Material provided →
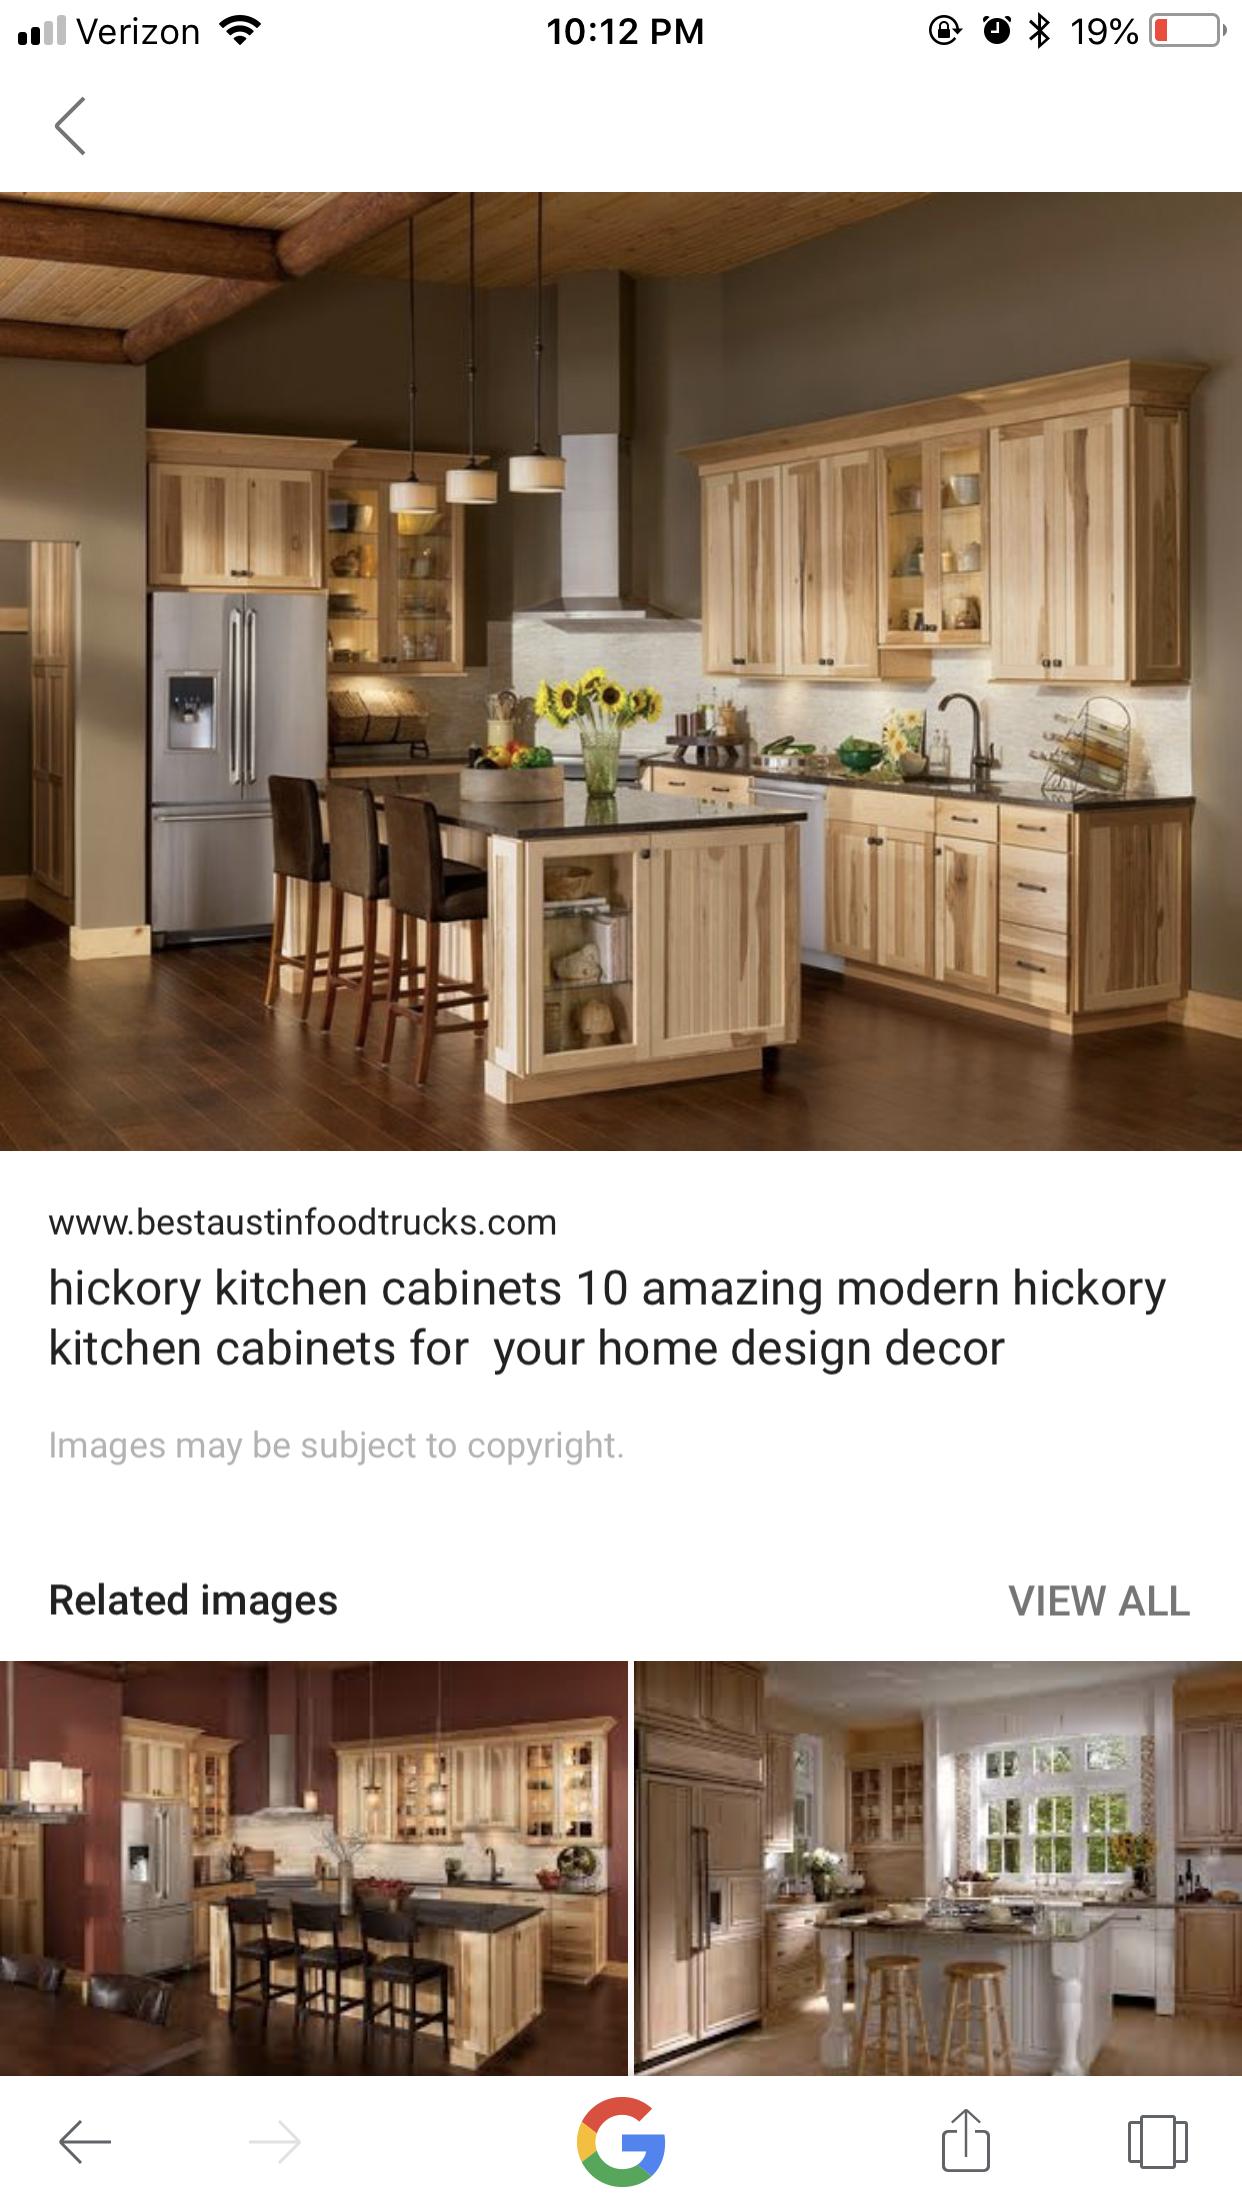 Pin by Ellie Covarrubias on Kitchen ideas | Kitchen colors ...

---

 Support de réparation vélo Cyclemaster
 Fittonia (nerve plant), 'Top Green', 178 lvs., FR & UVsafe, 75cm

---

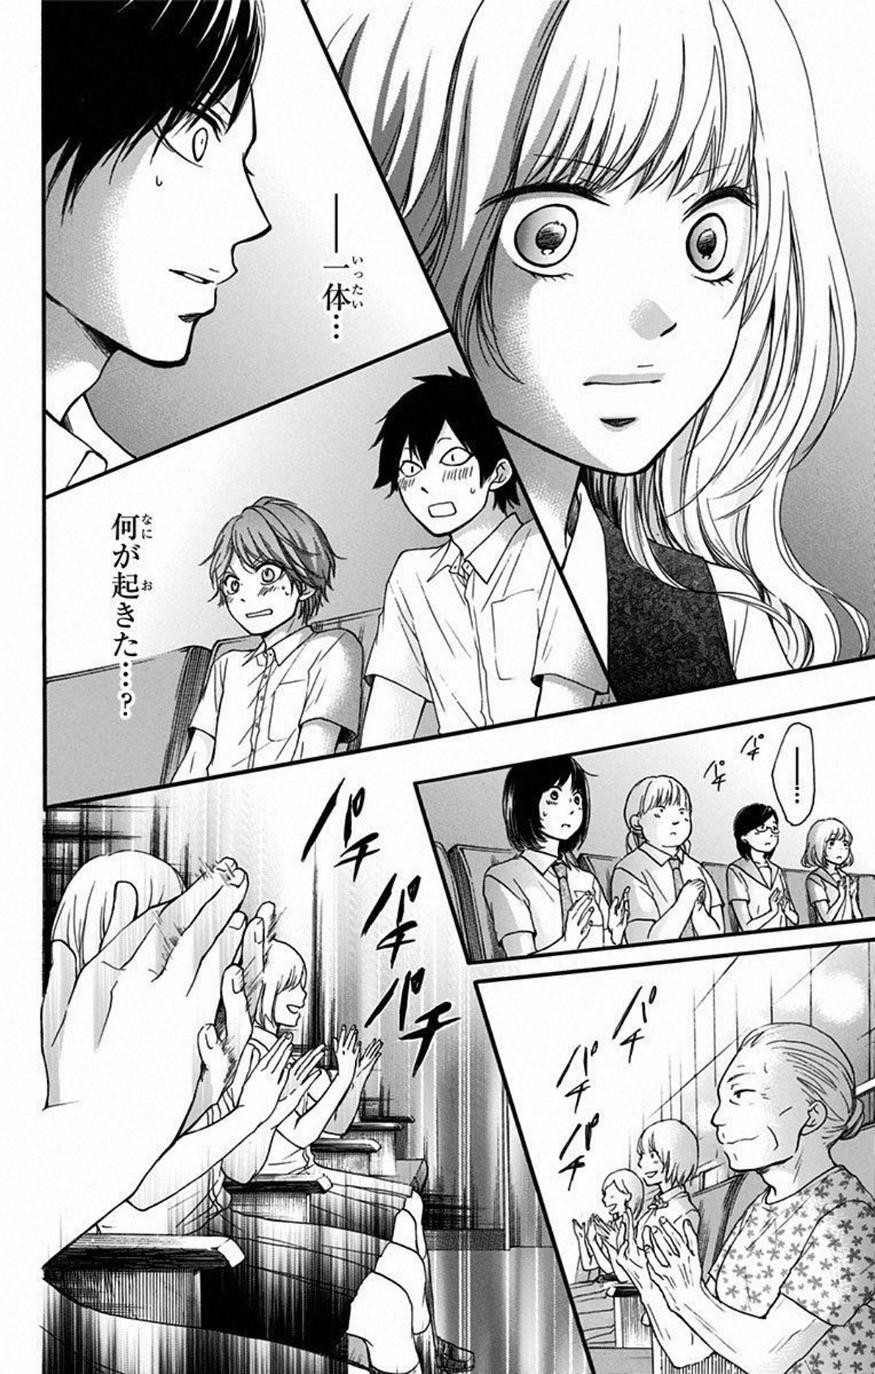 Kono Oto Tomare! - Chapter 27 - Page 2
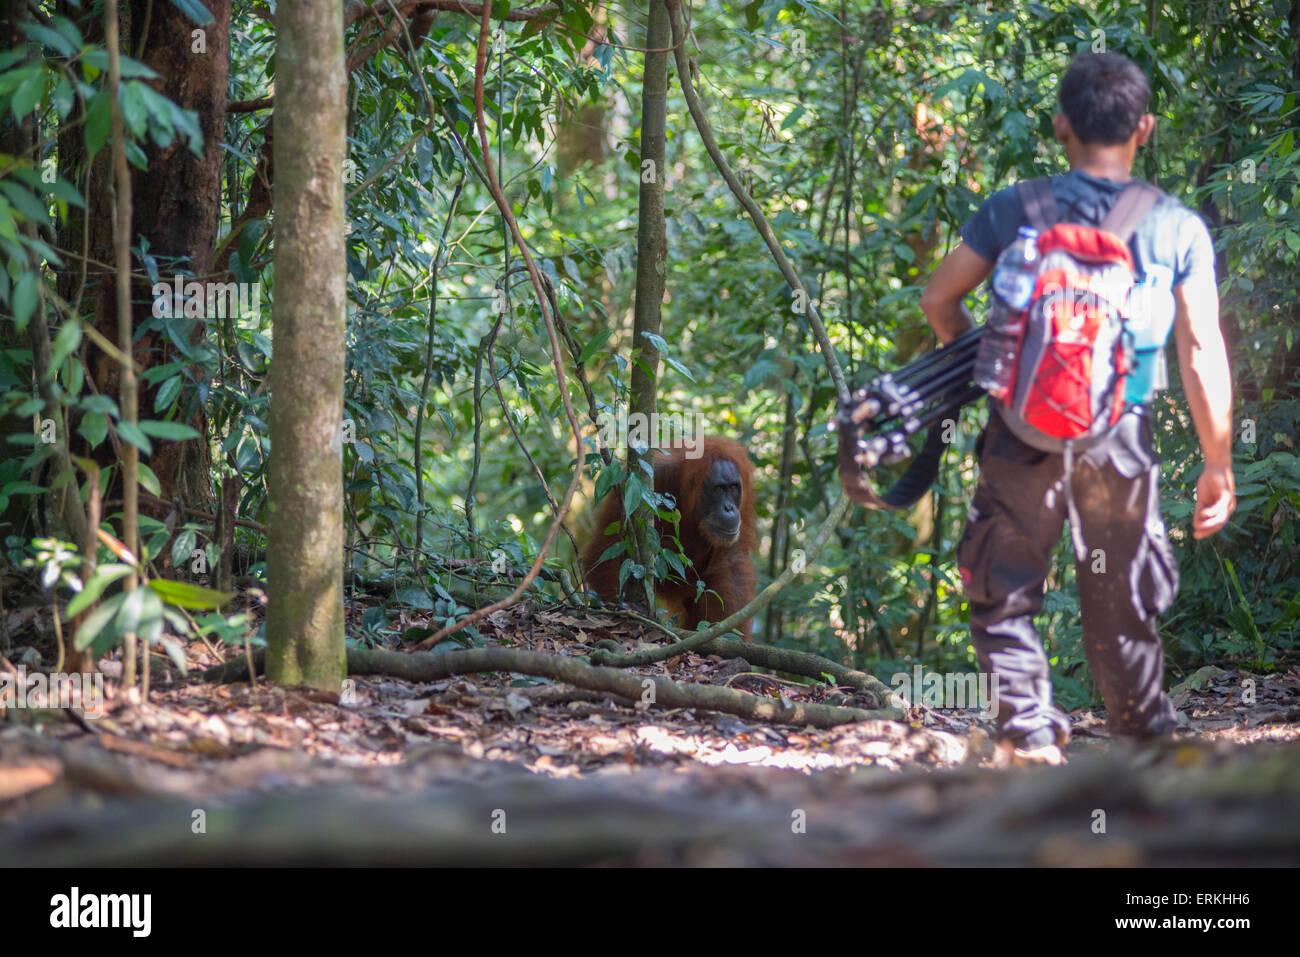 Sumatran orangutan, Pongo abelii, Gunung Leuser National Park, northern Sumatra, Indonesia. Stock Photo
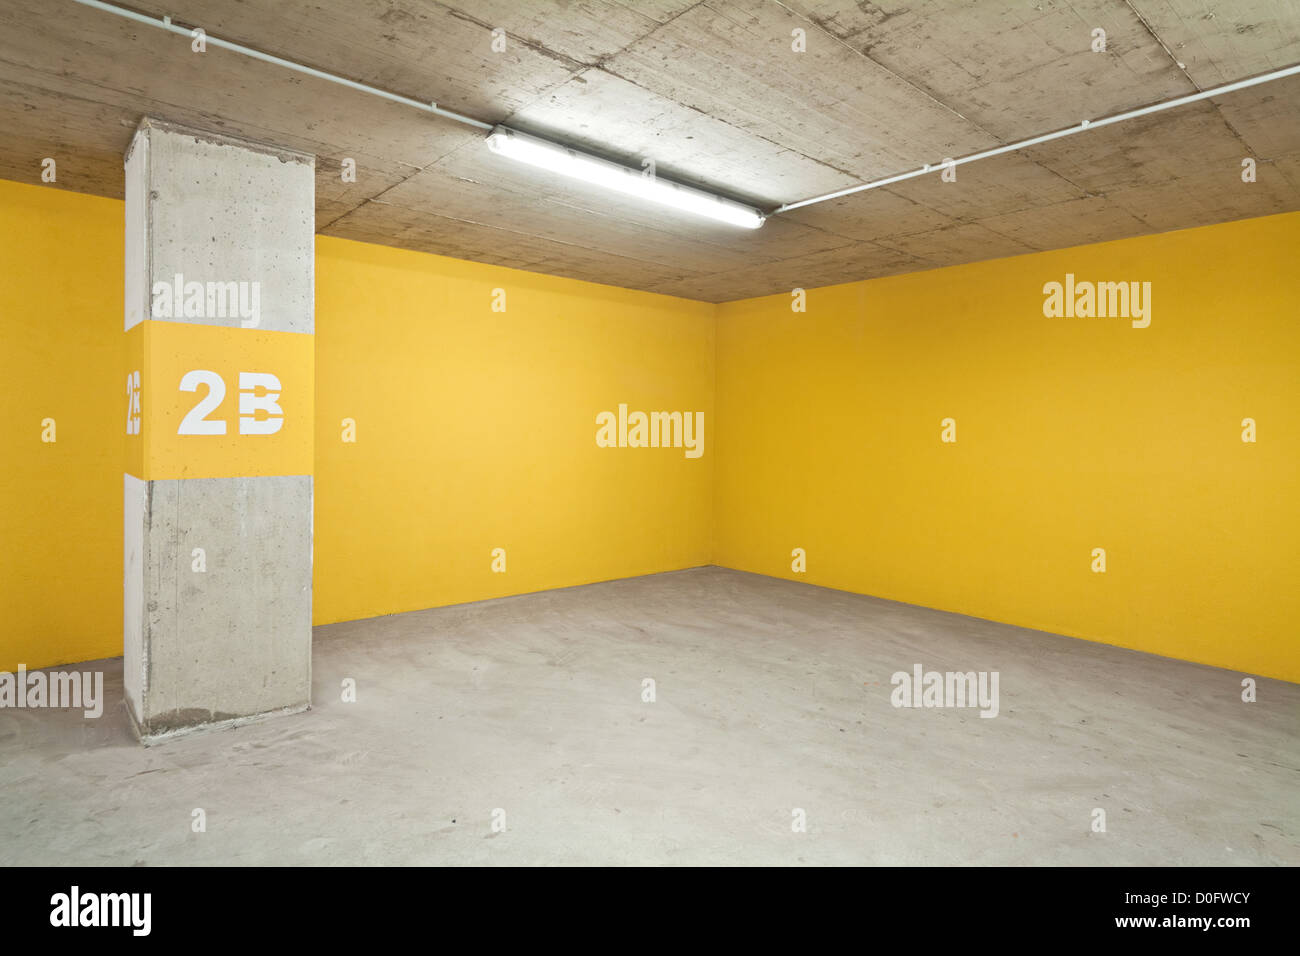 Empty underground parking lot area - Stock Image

To do →
Of all the entries above, retype exactly the lines from the line with "Support de réparation vélo Cyclemaster" to the line with "Fittonia (nerve plant), 'Top", both included, and no others.

Solution for this task →
 Support de réparation vélo Cyclemaster
 Fittonia (nerve plant), 'Top Green', 178 lvs., FR & UVsafe, 75cm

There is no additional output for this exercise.